# Beartown Lakes Question



## Exentrik (Aug 9, 2010)

Who here has fished at Beartown Lakes in the Geauga Park district with any success? What types of things worked well? What end of the lakes have you fished? I know there are some monsters in there but it always seems slow when I go there.


----------



## Shorefishin (Mar 27, 2009)

Beartown: This lake holds decent bass. Notice 15" minimum keeper size. I have fished it since I was a kid. The biggest issues are the weeds. Once May hits the cover is so heavy, and water so stagnent its nearly impossible to fish. Be patient, top water does work. The upper lakes are extremely shallow. There used to be a dock on the upper lake that was good, but torn down. I do well early in spring, ice fishing, and fall. But this time of year can be very hard. Mainly bass, gills, no cats or carp to eat vegatation. Trout is stocked occassionally by Geauga. Good place for kids blue gilling


----------



## lakota (Oct 28, 2009)

I do good there in the fall with stick baits and spinner baits. I got my personal best bass in the upper lake there around the metal over flow box next the the path but that was long before they dredged that up and put the rip rap in. Since they did that I havent had any luck on that shore line.

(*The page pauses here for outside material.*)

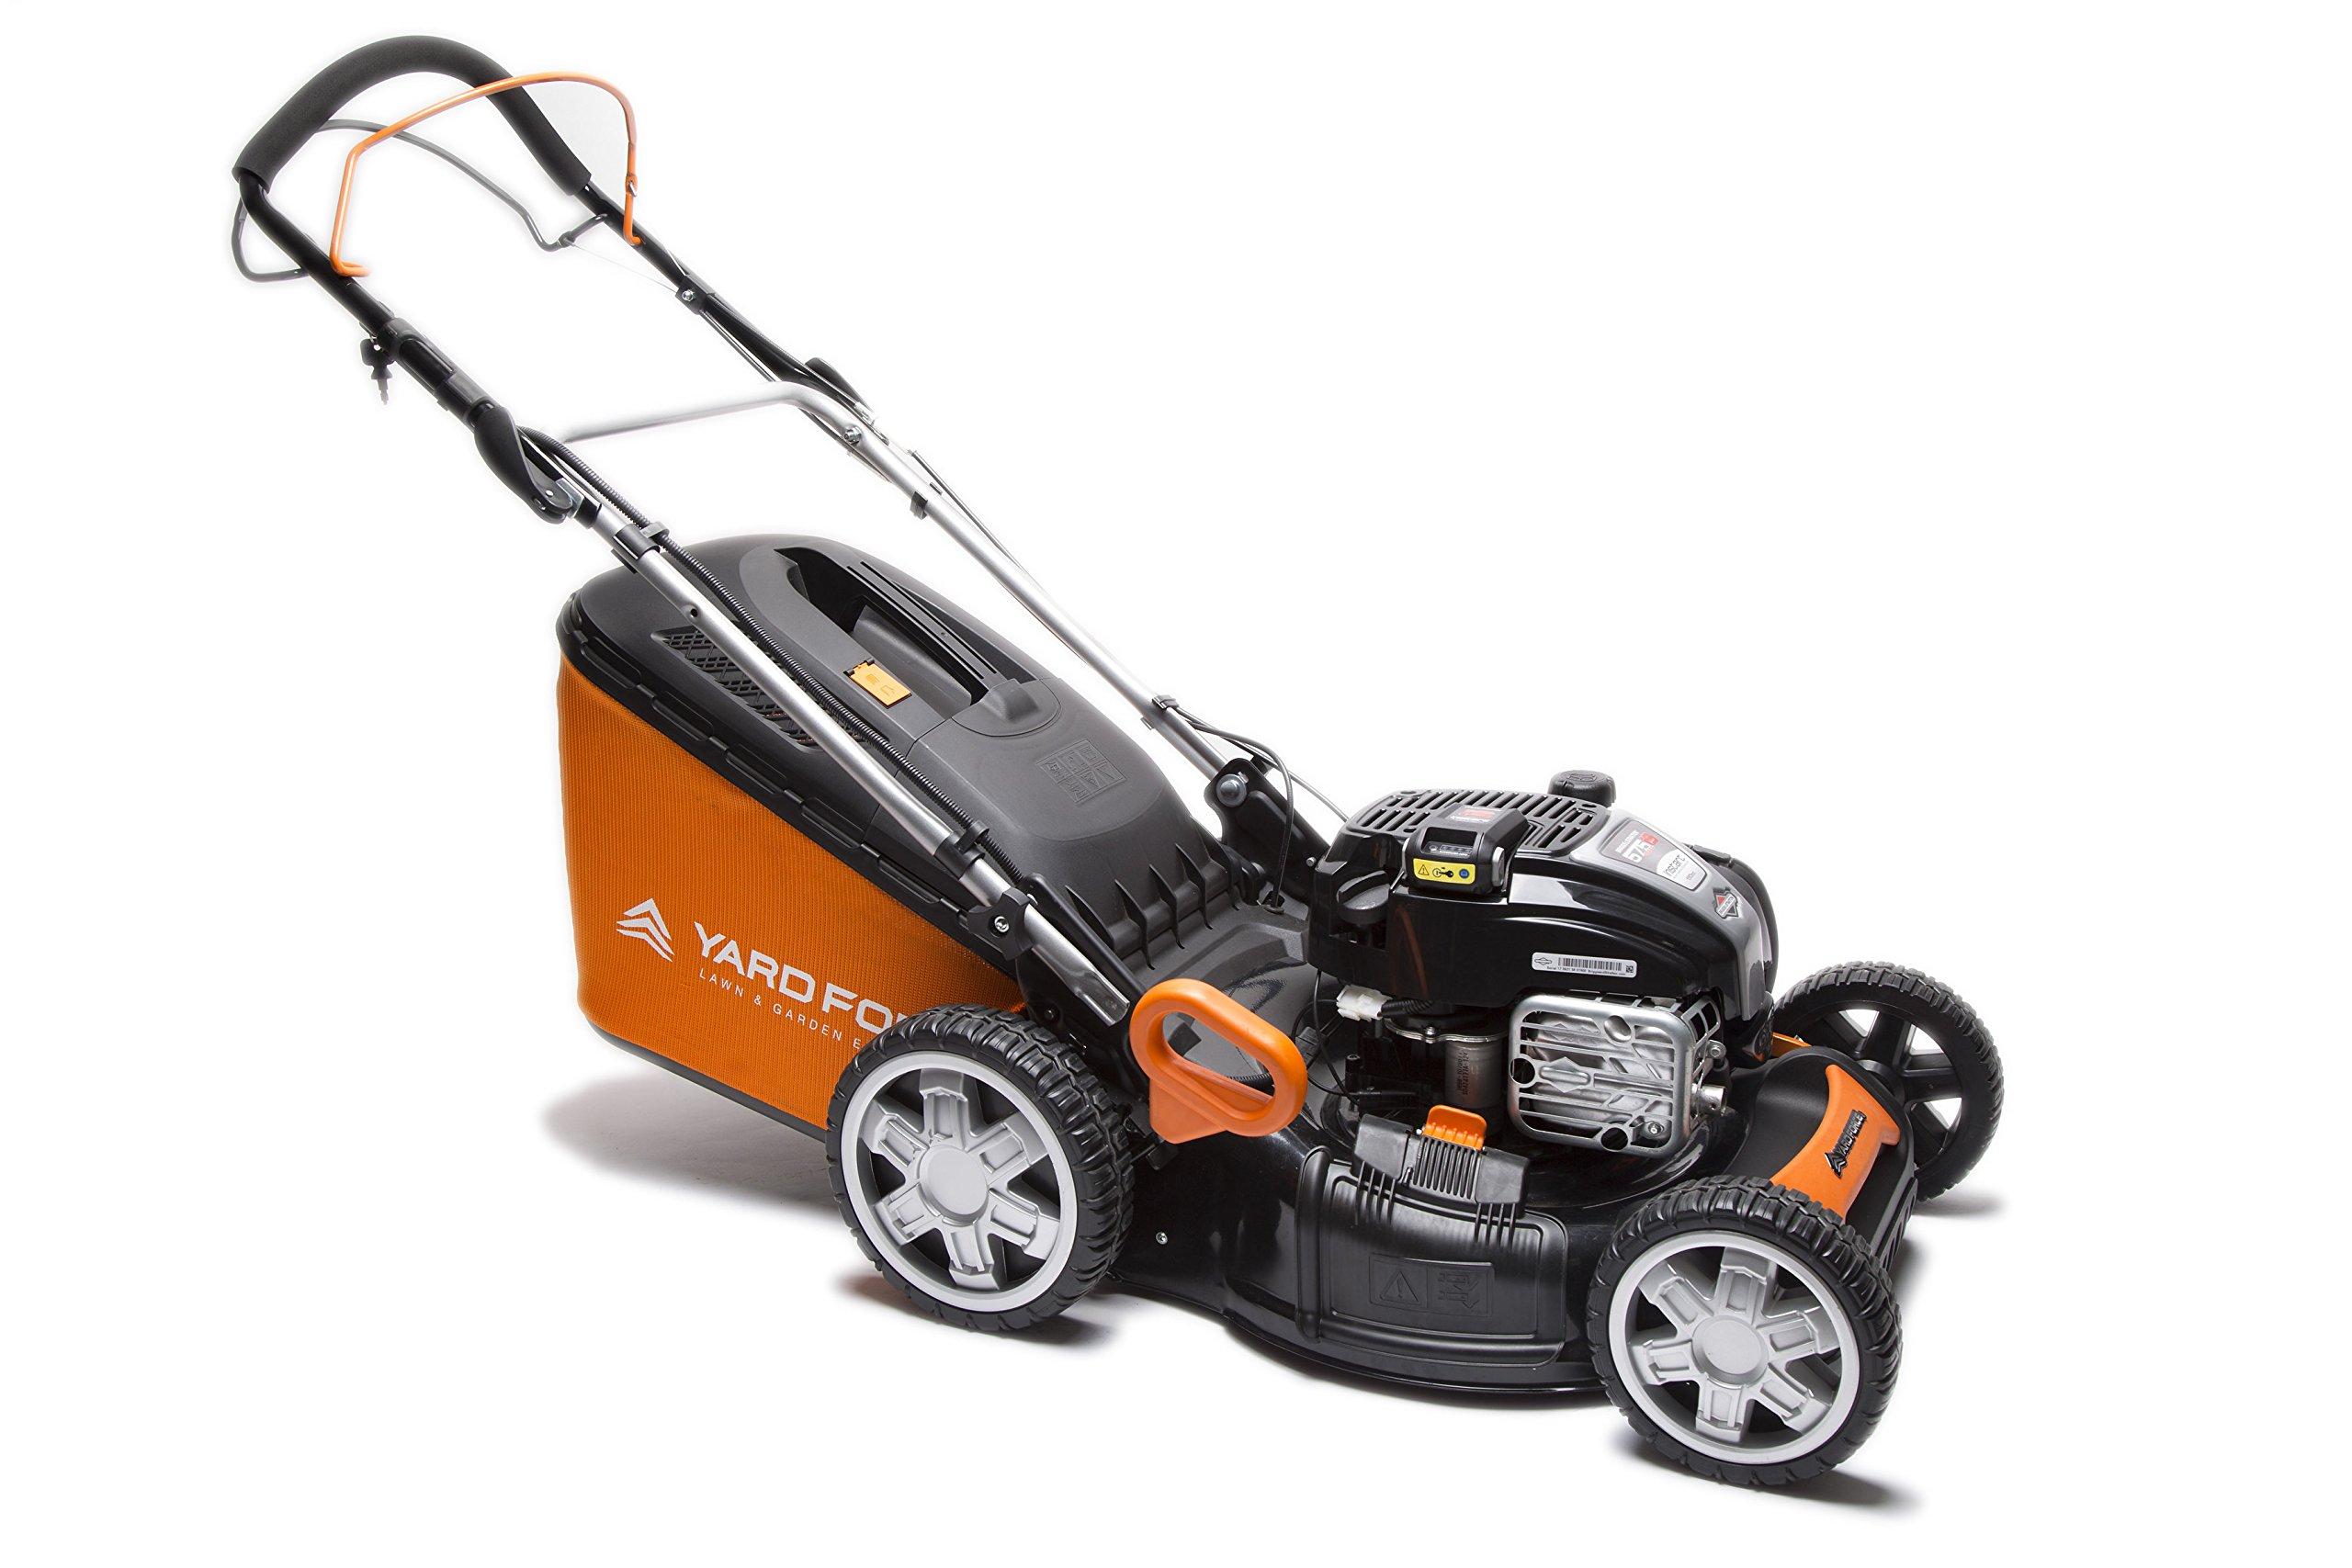 YardForce-GM-B46B-Benzin-Rasenmher–Leistungsstarker-zuverlssiger-4-in-1-Rasenmher-mit-Briggs-Stratton-Motor-Selbstantrieb-46cm-Schnittbreite-fr-bis-zu-1800m-Rasen

Also do good on the lower lake below the bathroom. the little cove to the left below the bathroom always seems to hold a few bass.


----------



## Exentrik (Aug 9, 2010)

I have fished there a few times, I once caught a 2 - 3 pound bass in that little cove next to the bathroom, last year but that is about it. I have used soft crayfish baits, spinners, some rapalas,etc. . I was there last weekend and the top water algae was completely out of control, worse than last year at this time. Thanks for your help, even a bad day fishing at Beartown is a beautiful trip as the park is such a nice place. I will persist, until I get something worthwhile. I also have heard rumors of pike in the upper lake, is this true?


----------



## lakota (Oct 28, 2009)

Yeah scratch that cove by the bathroom. I live about 5 minutes from there and drove down around dark last night. That cove is completely choked up with duck weed and weeds.

As for pike, I talked to a guy there one year that said he has caught pike in the lower lake.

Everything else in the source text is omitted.